The present invention relates to engineered materials for cutting applications and in particular to engineered materials for use in medical applications.
In an effort to treat vascular diseases, a variety of minimally invasive, intravascular techniques have been developed. One technique, commonly used to treat vascular occlusions, is to utilize an abrasive burr that is routed within a vessel and rotated at high speed in order to ablate the occlusion. When plated with a relatively fine abrasive on the surface on the burr, the ablated particles are sufficiently small so that they are passed through the body without significant risk of downstream embolization.

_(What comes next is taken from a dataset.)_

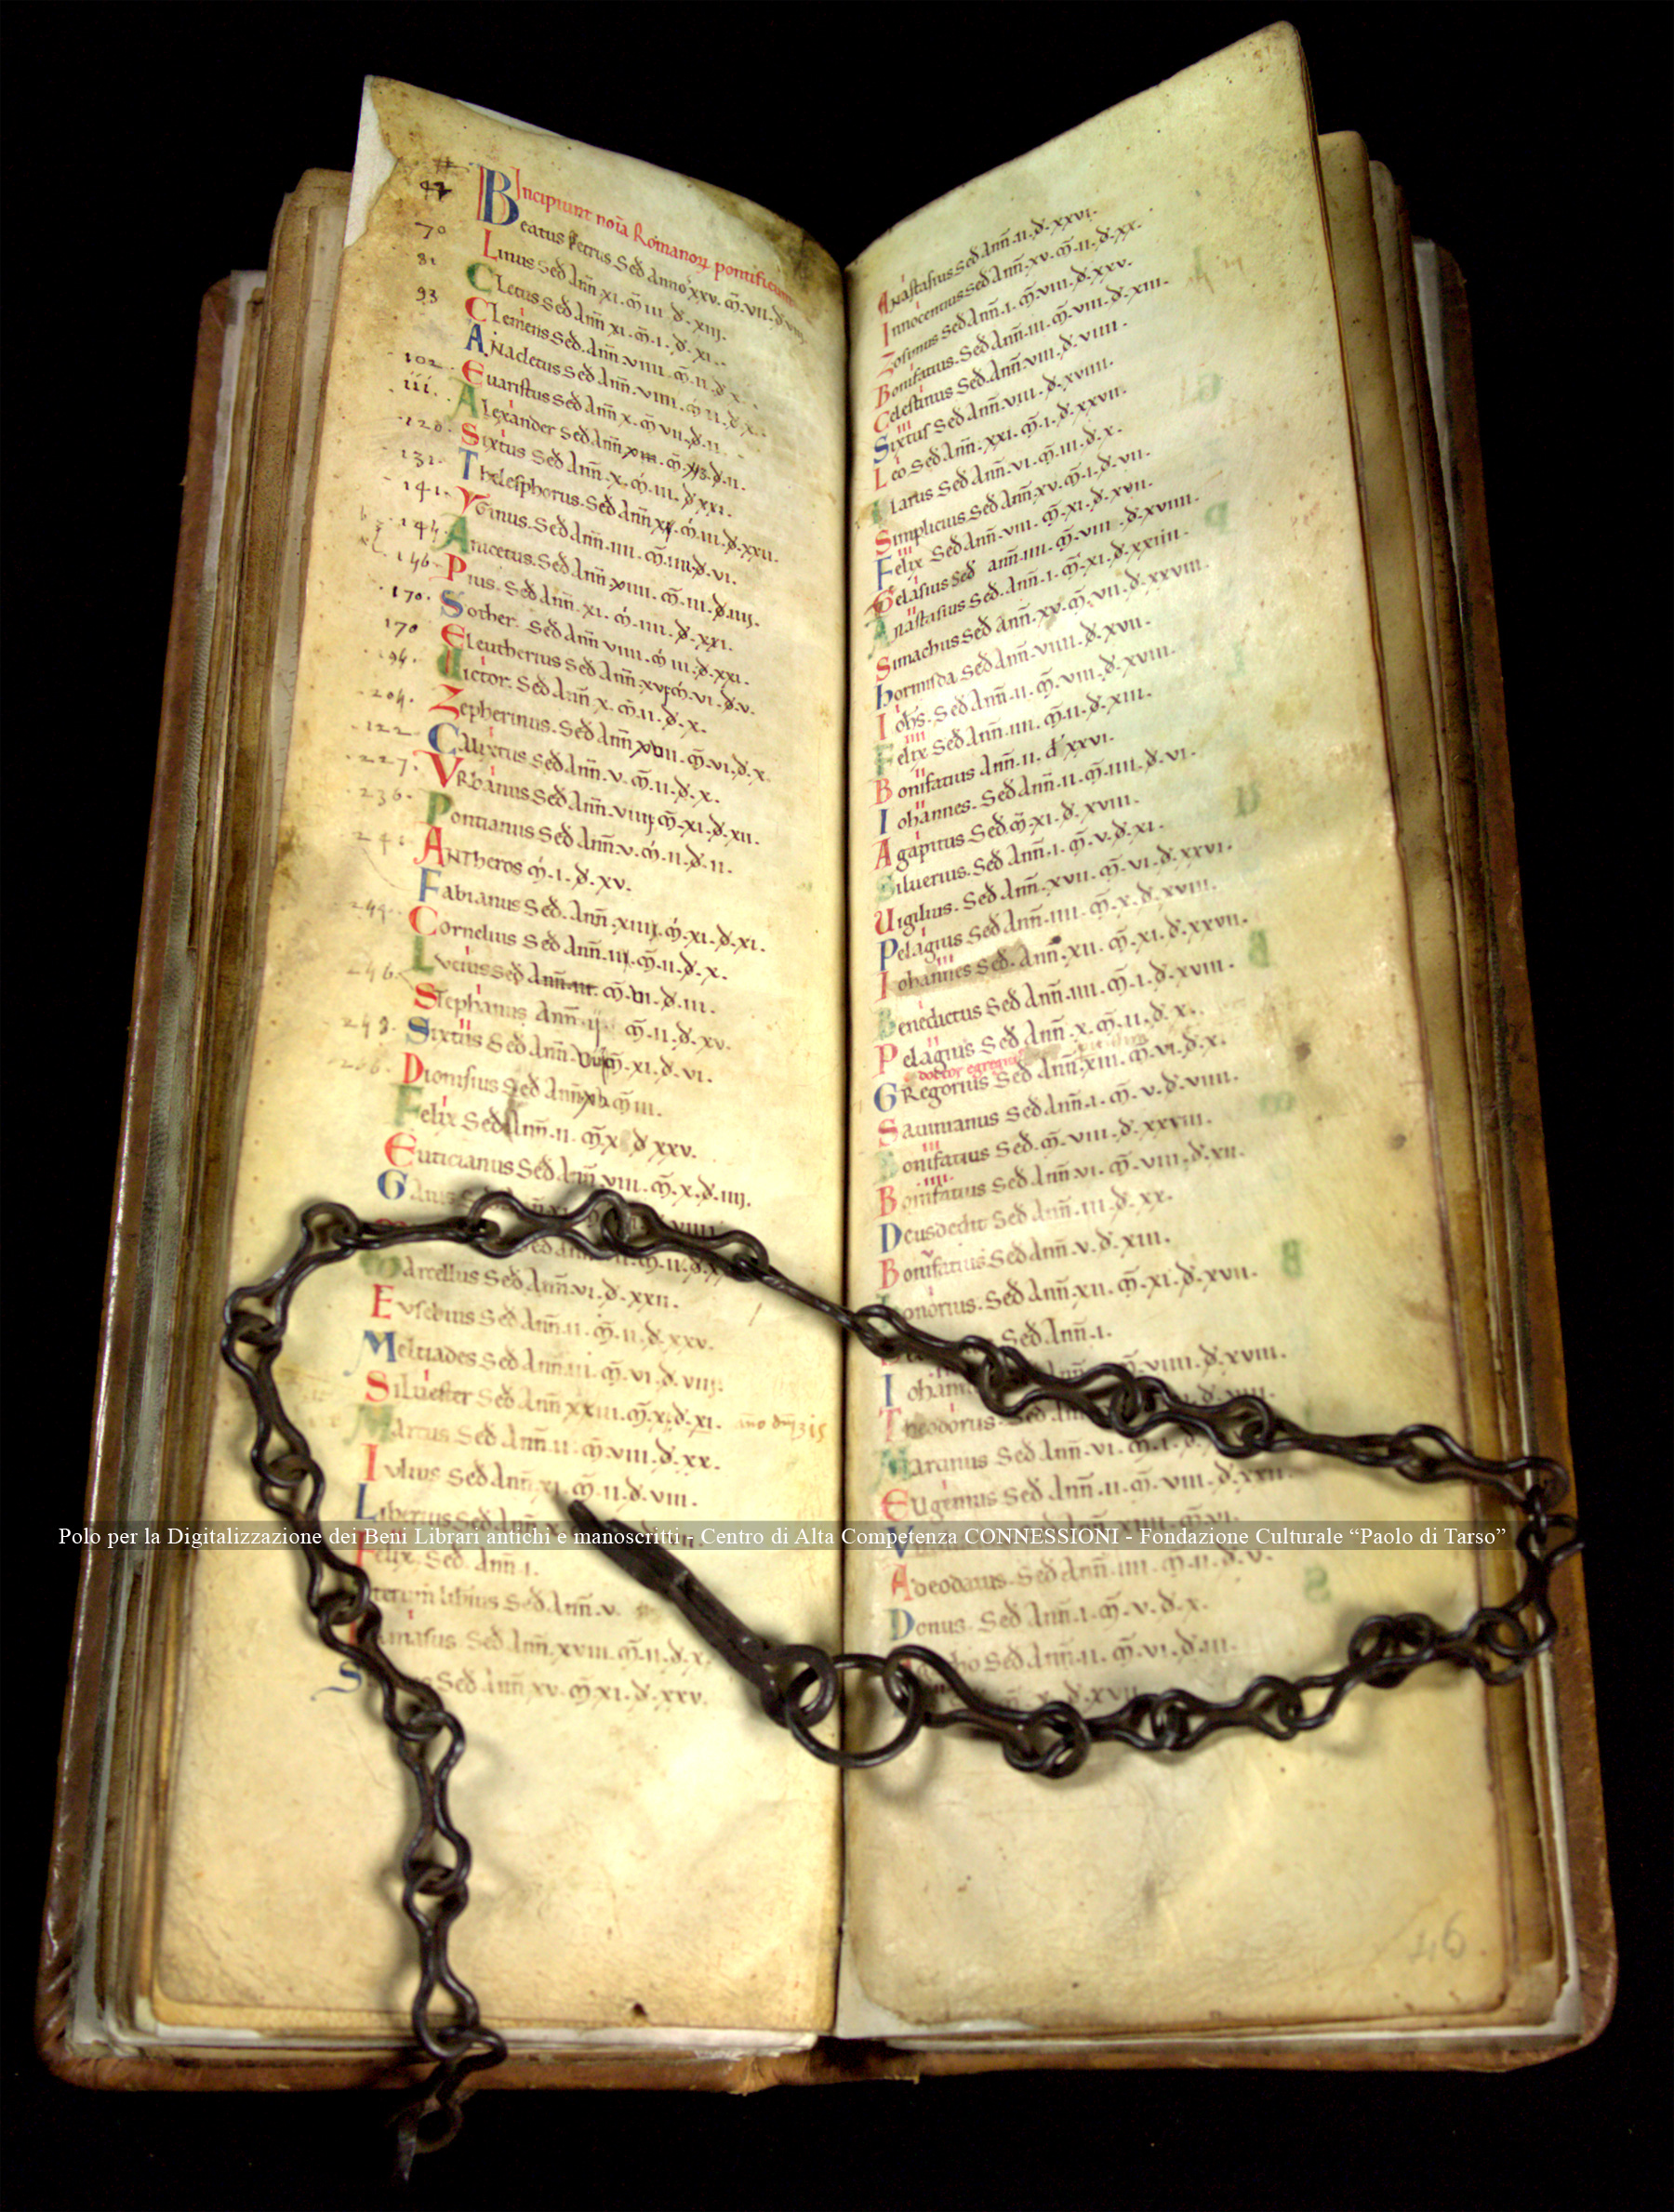 Polo per la Digitalizzazione dei Beni Librari antichi e manoscritti
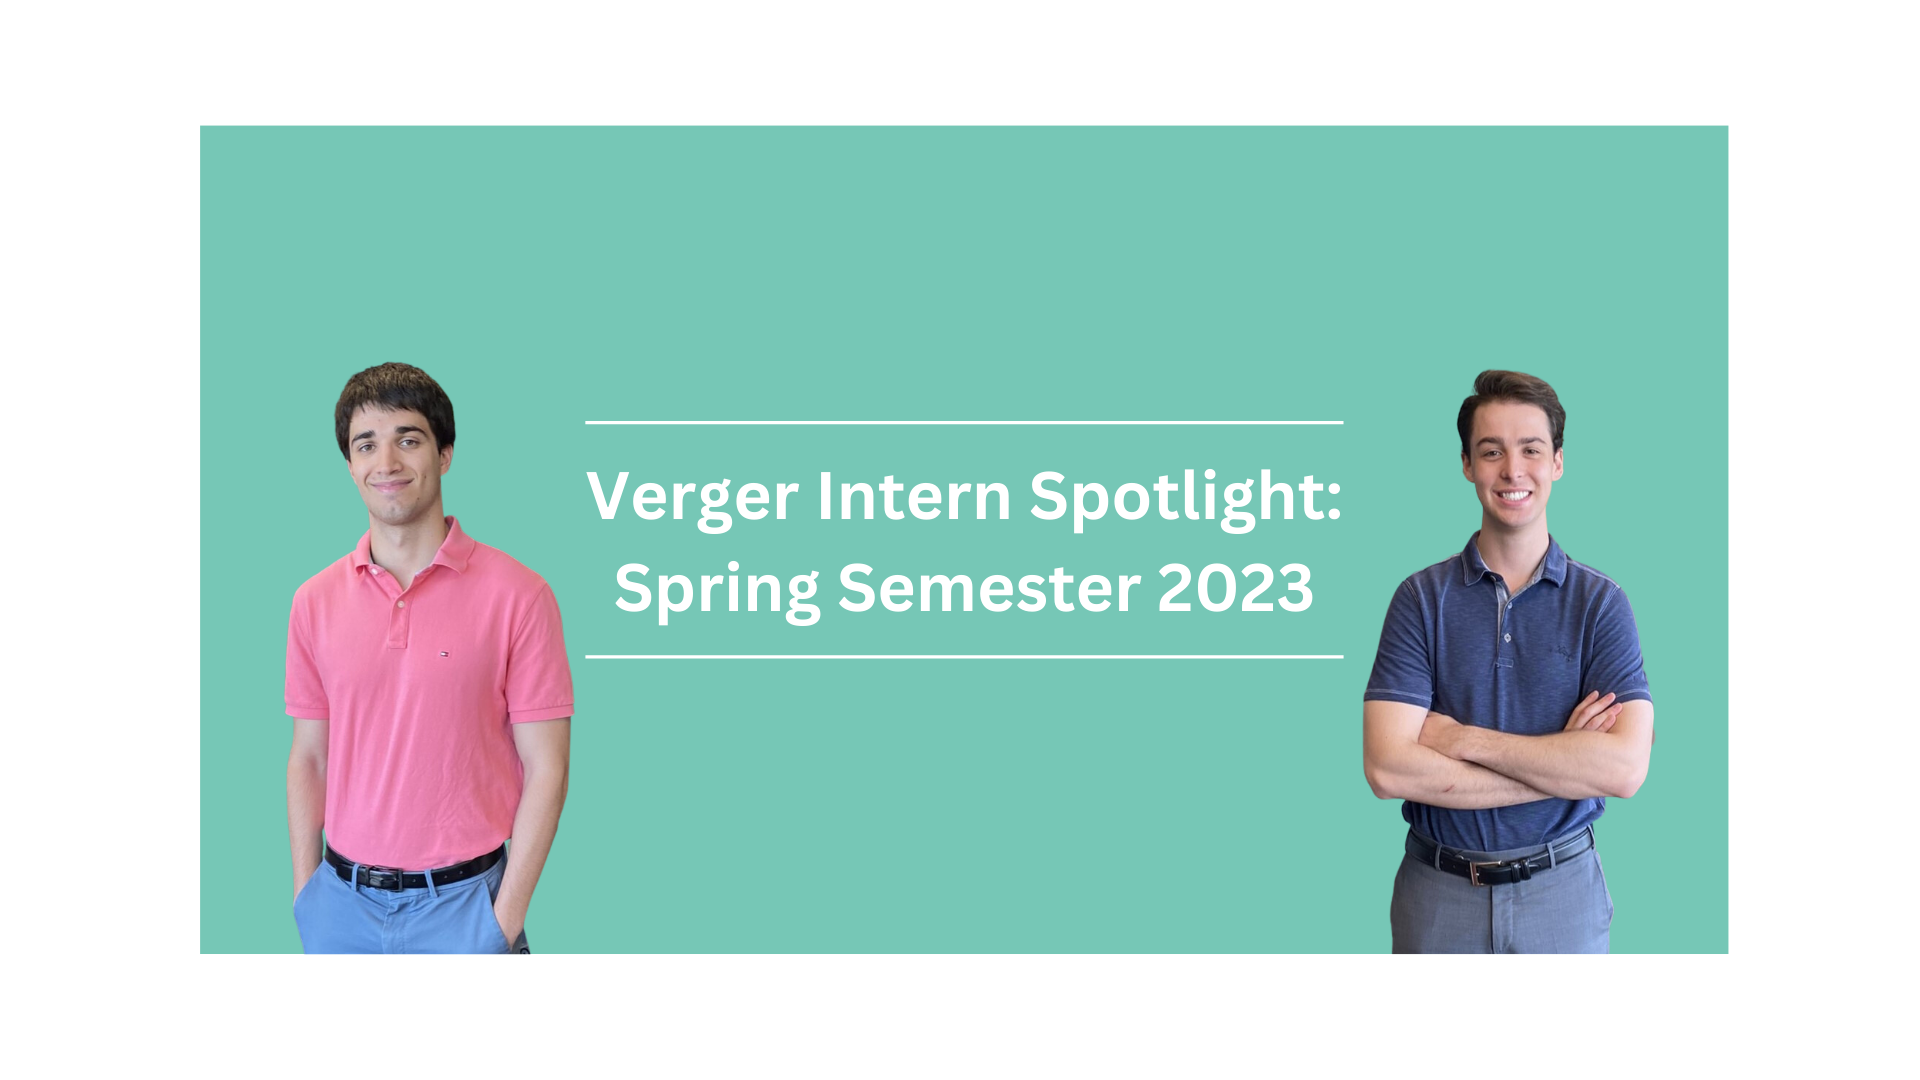 Verger Intern Spotlight: Spring Semester 2023

The most common type of atherectomy burr comprises a metal bead that is plated with diamond particles. In general, such burrs can only be made in relatively simple shapes, such as ovoids and are relatively expensive to produce. Therefore, there is a need for a cost-effective method of making more complex shapes that might produce more efficient cutting surfaces.
Another problem with all current intravascular ablation techniques is the possibility of thermal damage caused by frictional heating at the treatment site. Such heating can damage healthy tissue at the site and may contribute to restenosis of a vessel. Therefore, there is a need for an ablation burr having improved thermal conductivity that will transfer heat away from a treatment site.
The present invention is an improved feedstock material from which abrasive cutting tools can be made. The material includes diamond particles, a binding material and a homogenizer that keeps the diamond particles and binding material mixed together. The combination of the diamond particles, binding material and homogenizer can be injection molded to create cutting devices of a variety of shapes and sizes. The proportions of the diamond particles and binding material can be adjusted in accordance with the desired application of the cutting tool.
The improved feedstock of the present invention can be used to manufacture industrial cutting tools as well as medical cutting tools. However, the feedstock is believed to be particularly advantageous in making medical cutting tools because of the high thermal conductivity of the diamond particles, which aids in the conduction of heat away from a cutting surface where the tool is used.